◆ Task objective:
Your copy starts at the line containing "Dancing Babies Cute: Cute" and ends at the last line of the material below. Reproduce those lines exactly, with no pictures.

◆ Data section:
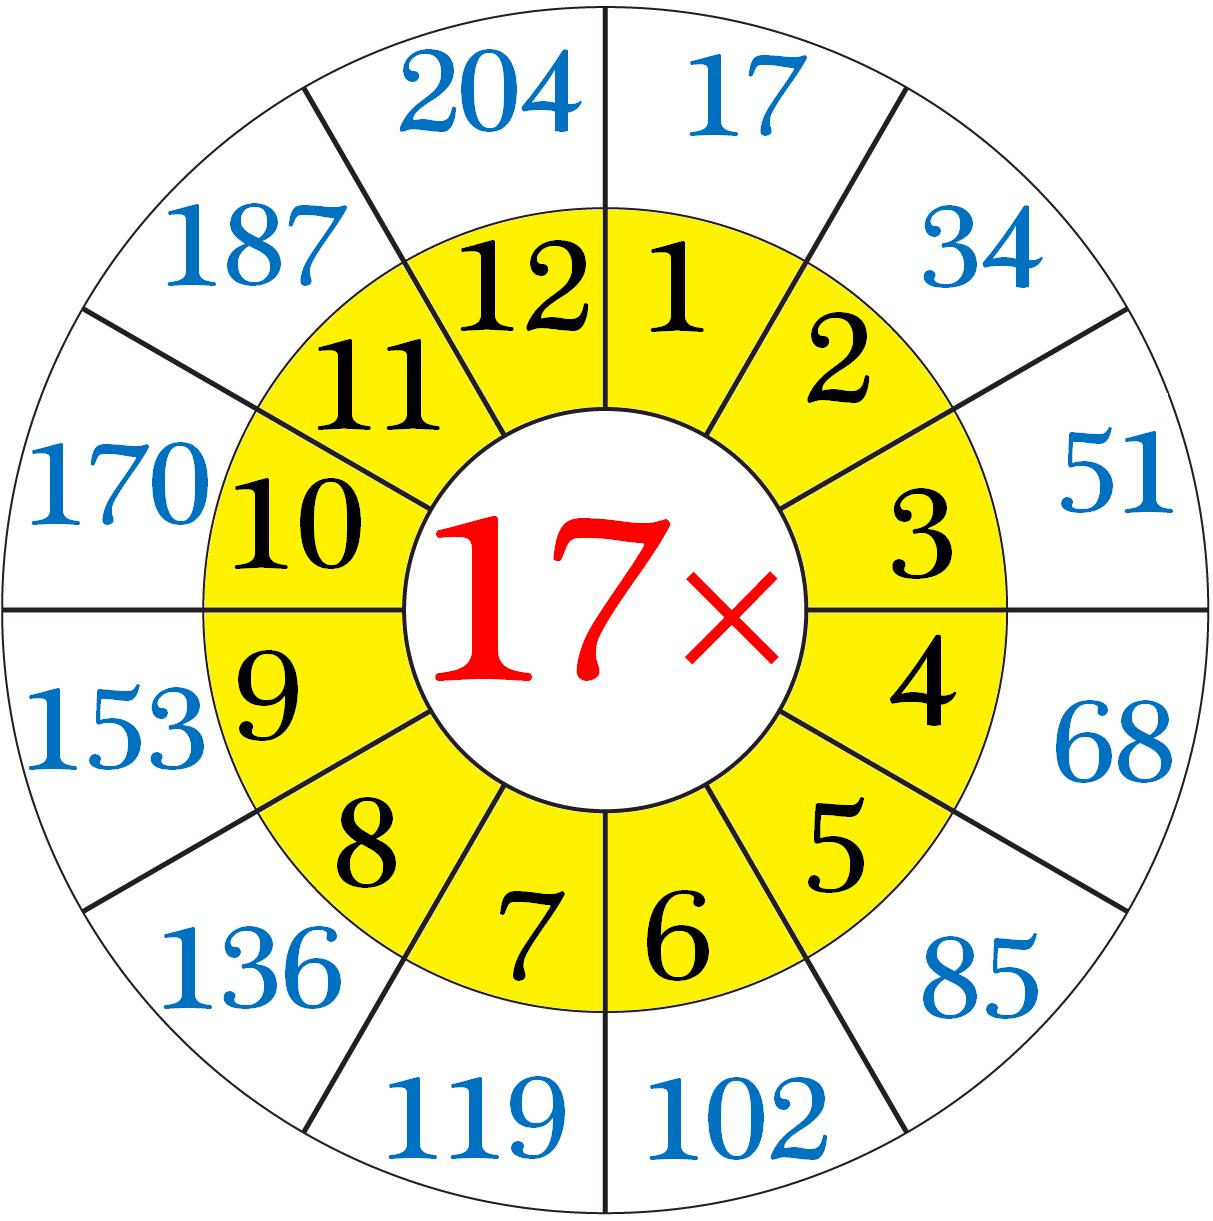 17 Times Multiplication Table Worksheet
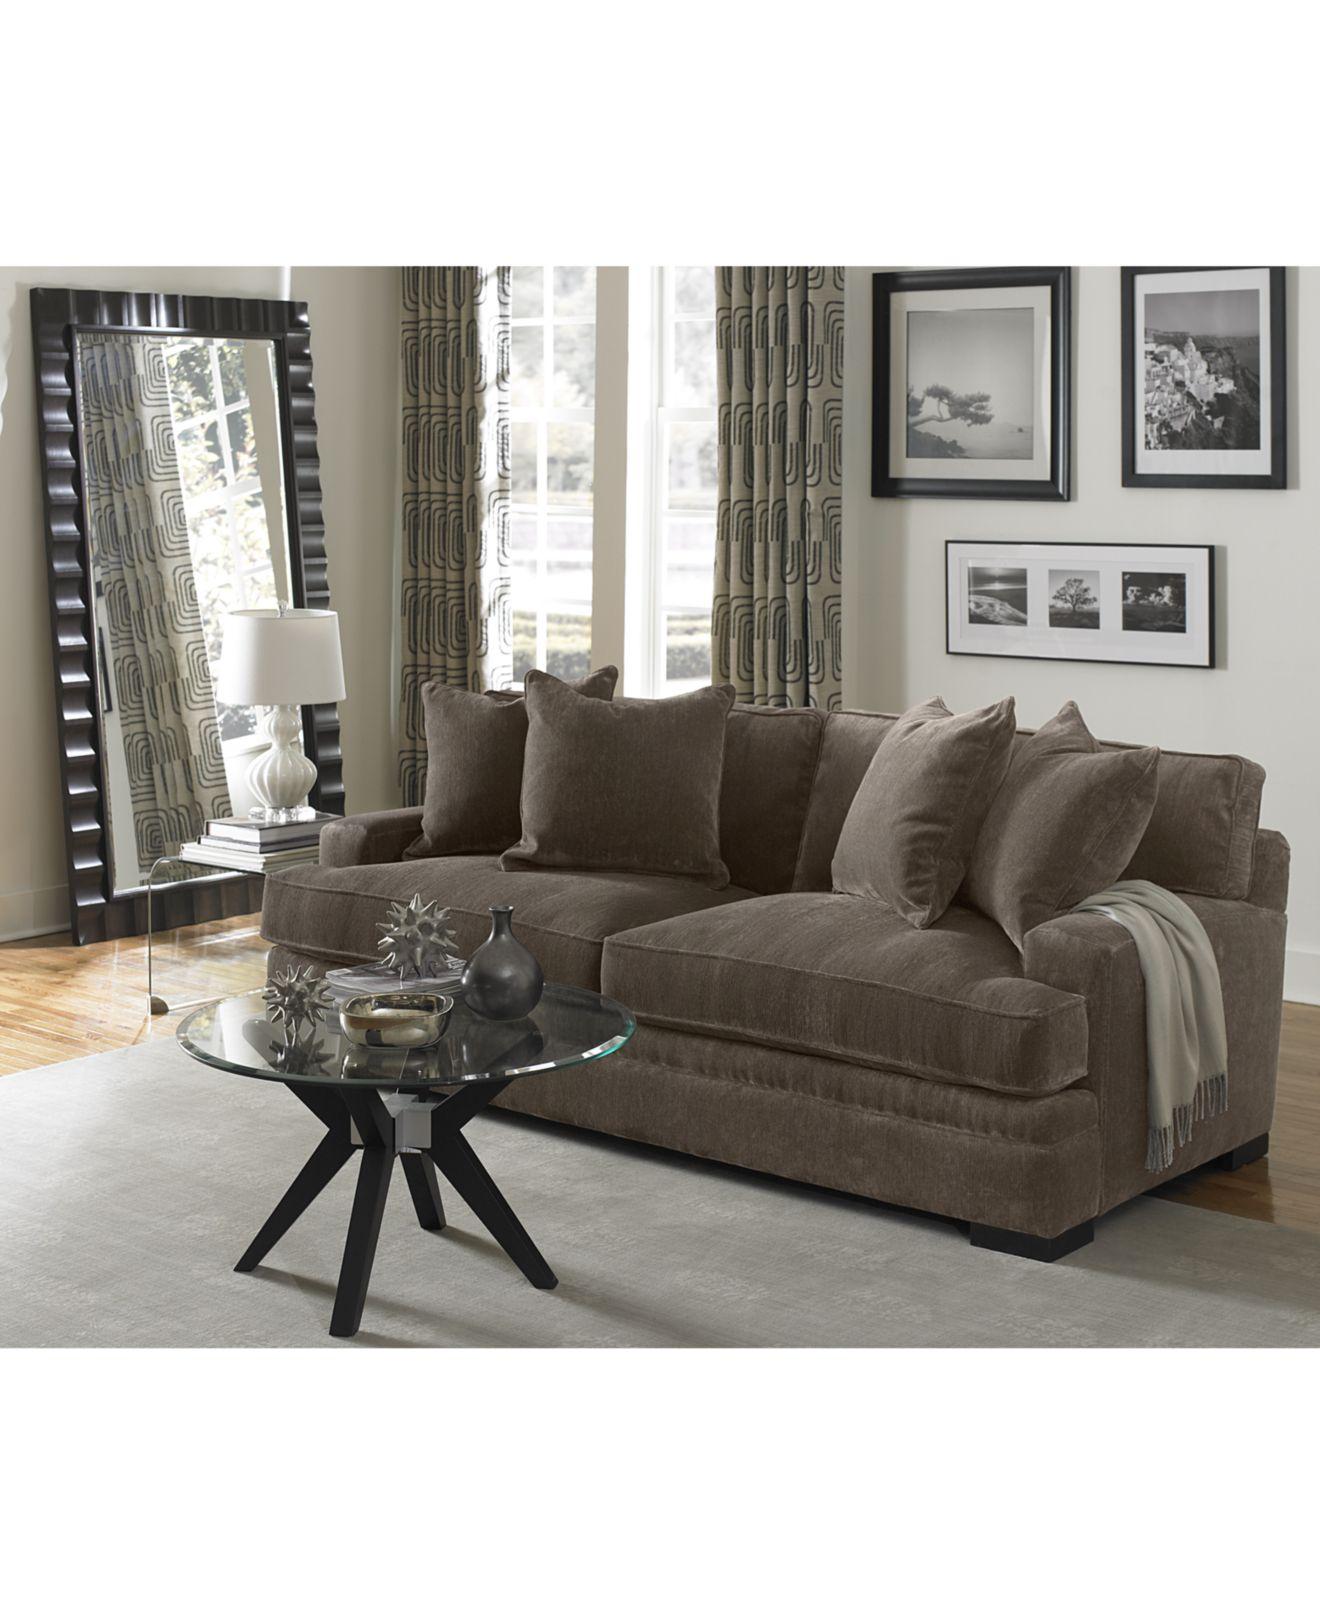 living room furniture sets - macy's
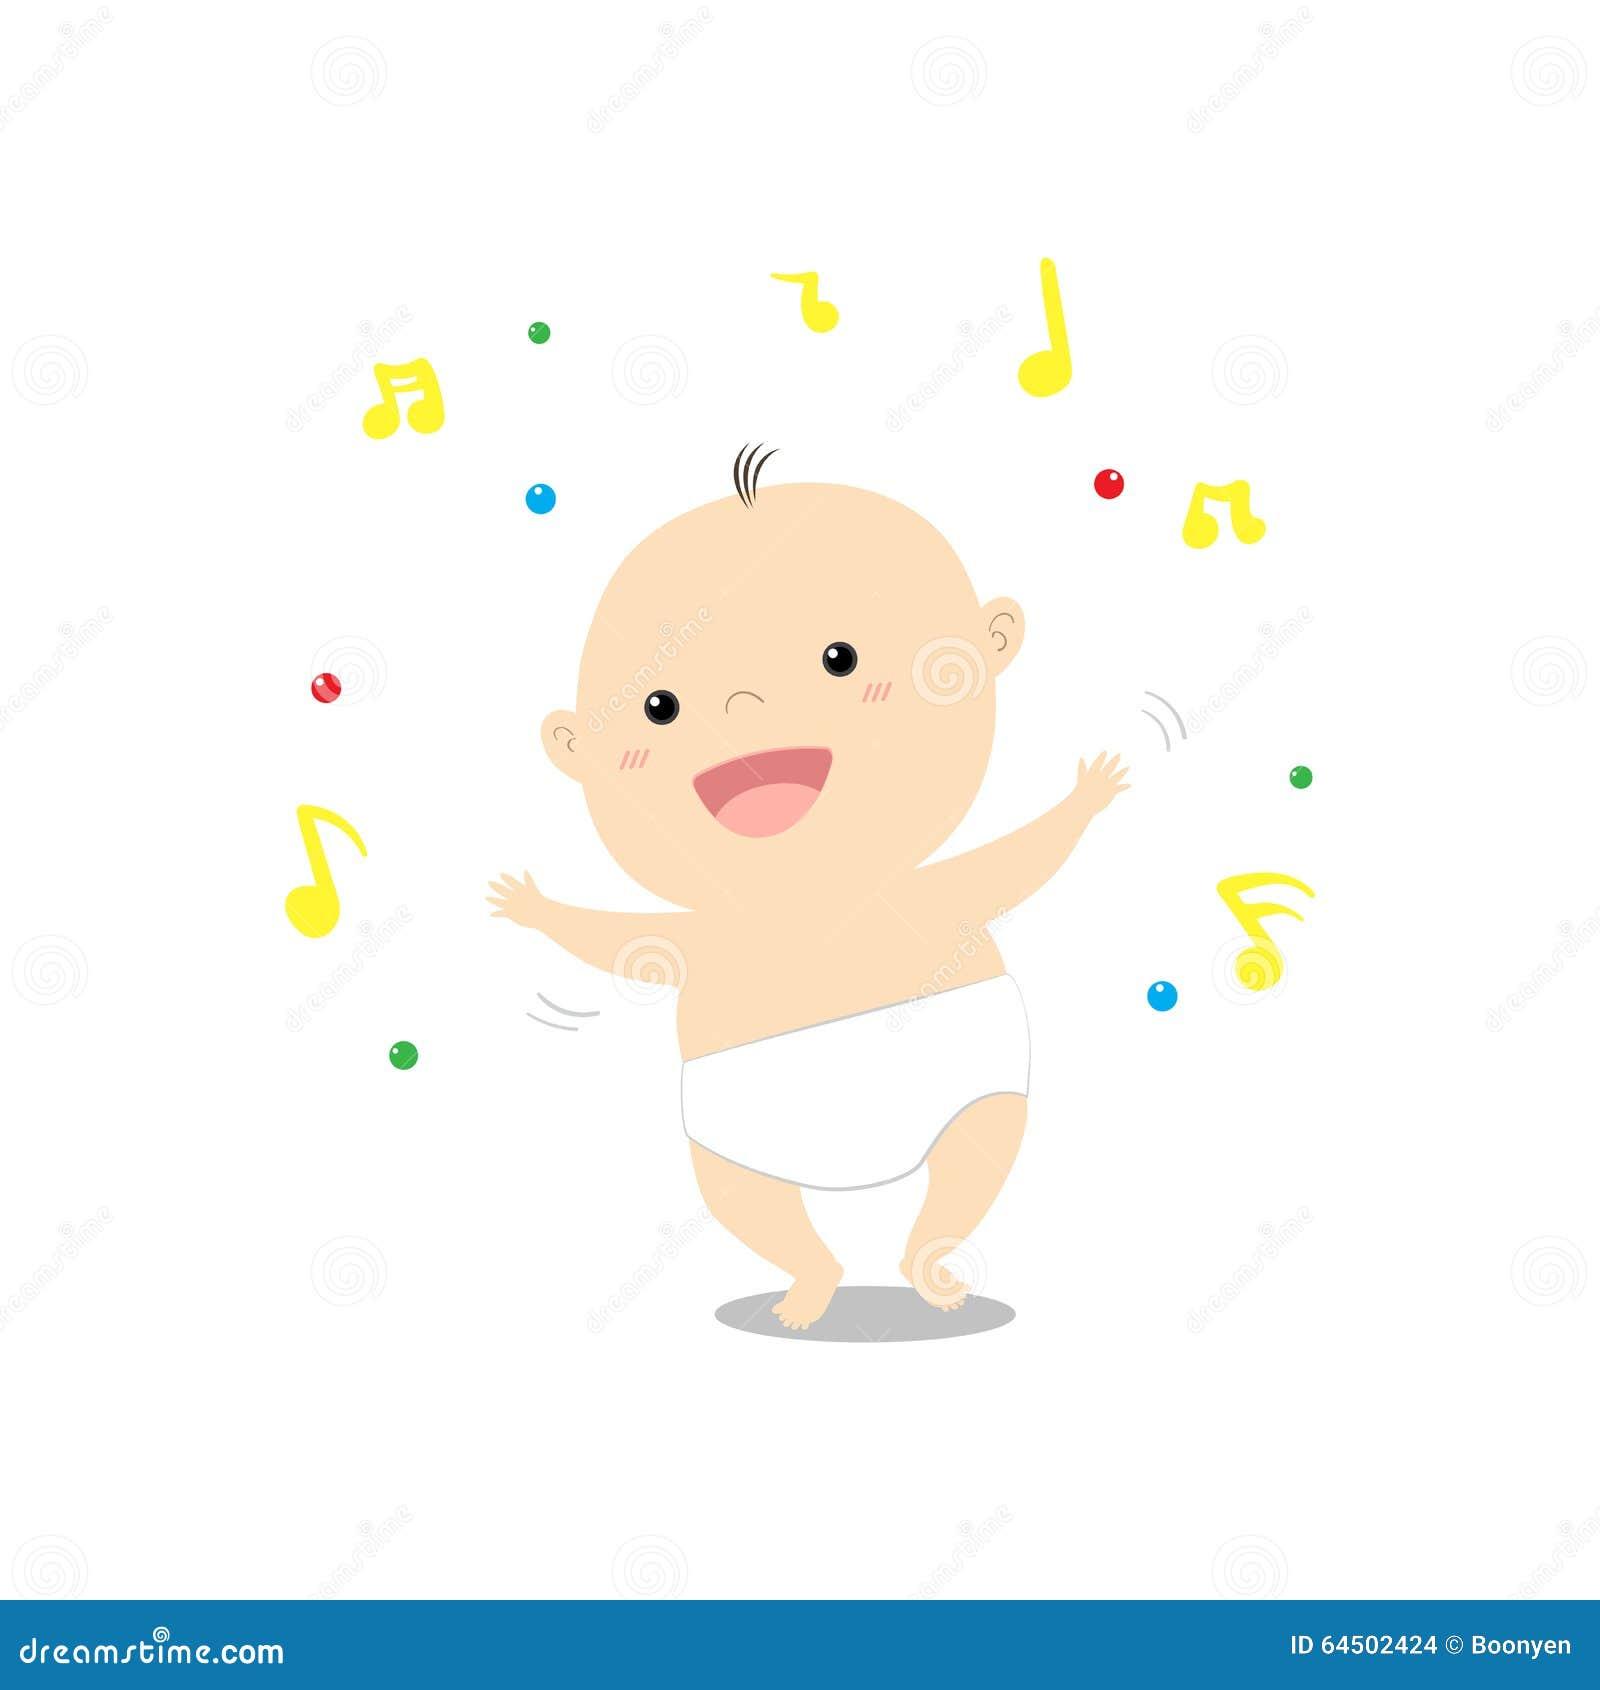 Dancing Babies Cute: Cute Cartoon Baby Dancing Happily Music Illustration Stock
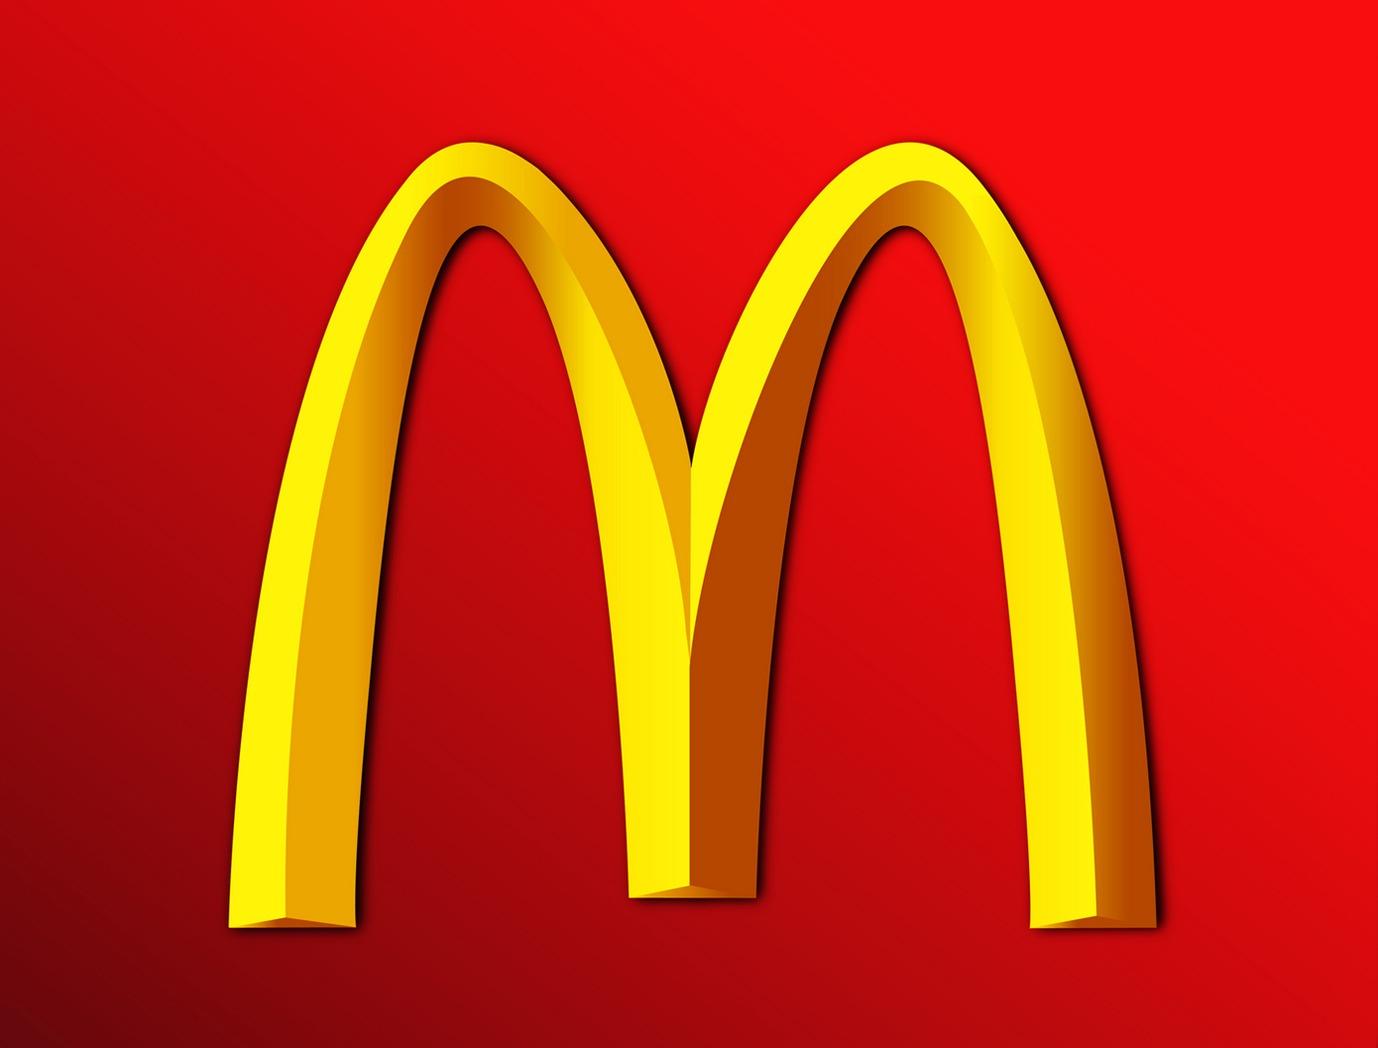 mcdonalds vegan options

◆ Solved exercise:
 Dancing Babies Cute: Cute Cartoon Baby Dancing Happily Music Illustration Stock
 mcdonalds vegan options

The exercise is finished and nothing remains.